Programming Recommendations
- Community as the on-ramp: The strongest pathway to civic engagement is through reinforcing the belief that strong communities require participation, trust, and mutual responsibility. Encourage community behaviours like book clubs, recipe exchanges, craft nights, volunteer drives, neighborhood groups, school/community partnerships, and the PTA. Use social proof framing to increase social cohesion: “People like us helping the people around us.” The audience’s lifestyle signals initially appear highly individualistic: wellness, home aesthetics, parenting, routines, and self-help, so the recommendation is to focus on collective well-being rather than individual optimization. The strongest programming will show how personal stability is created and maintained through connected communities, trusted relationships, and people showing up for one another in everyday life.
- Lead with recognition, not instruction. “You already do this” content will outperform “here’s how to do this” content. Women in this audience have been running a household, raising kids, and showing up for their communities for potentially decades. They don’t need a tutorial, but they do need to be seen.
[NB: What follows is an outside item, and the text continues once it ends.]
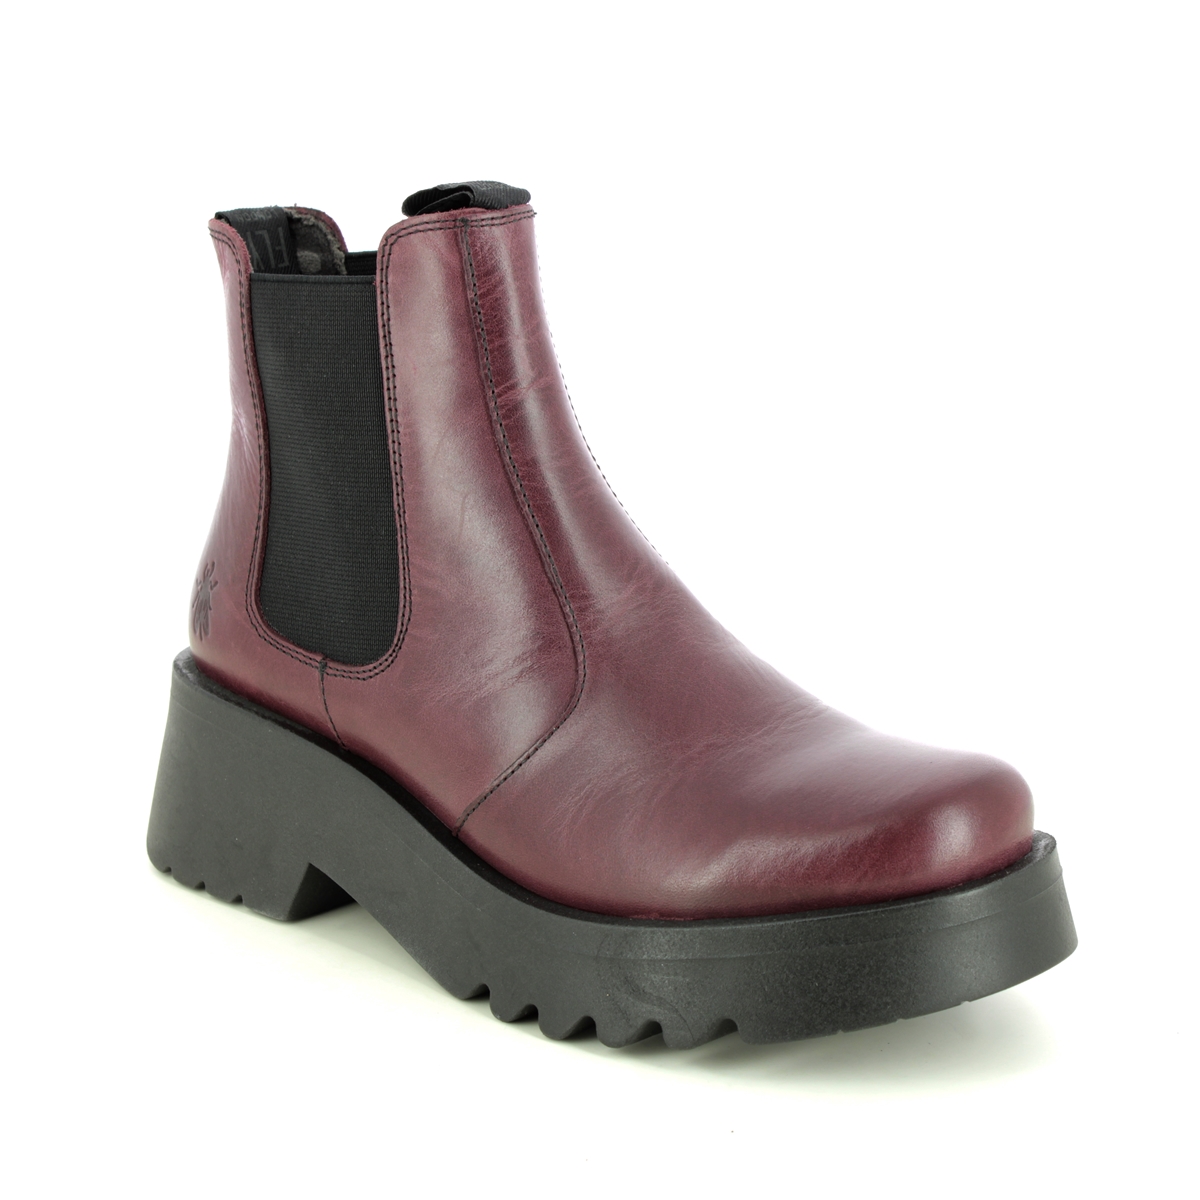 Fly London Medi  Midland Purple Leather Womens Chelsea Boots P144789-002 in a Plain Leather in Size 41

- Use cultural touchstones as mirrors: Reese Witherspoon, Jennifer Aniston, Melissa McCarthy, and Dolly Parton. Dolly Parton in particular is a near-perfect example: beloved across ideological lines, Southern, funny, generous, and unapologetically herself. Use emotionally-recognizable female archetypes rather than celebrity references themselves. The women who resonate most with this audience tend to feel warm, grounded, funny, capable, and socially approachable rather than elite, hyper-curated, or overly performative.
- Lean into the Southern/rural identity without making it exclusive. The values this audience holds are distinctly Southern—community, family, tradition, faith-adjacent warmth—but not geographically exclusive. Content that feels Southern in texture but universal in theme will travel.
- Practical tips should be home- and community-anchored. These women are not trying to optimize their morning routine or build a personal brand. They want to know how to make their neighborhood better, their family healthier, their home more beautiful.
- “Things we all do but never talk about” content should be domestic and maternal. The universal experiences that will resonate: the chaos of raising toddlers or teenagers, the bittersweet of kids leaving home, the complexity of being a daughter and a mother simultaneously, the quiet satisfaction of a clean house or a good meal.
- Frame civic information as “what your family needs to know.” This audience will engage with healthcare policy, election integrity, and cost-of-living content when it’s framed through the lens of their roles as a mother and community member. “Here’s what the new food safety rules mean for your family’s grocery cart” will outperform “here’s what Congress did.”
- Wellness interests can be connected to government trust. This audience over-indexes on organic certification, food supplements, and healthcare. Our strategy of using food safety and regulation as an on-ramp to building trust in government institutions is data-validated. They already care about what’s in their food—connecting that to the role of government is a natural bridge.
- Myth-busting should feel like a smart friend, not a fact-checker. They are curious and sometimes susceptible to wellness misinformation, but respond to trusted, warm guidance, not condescension.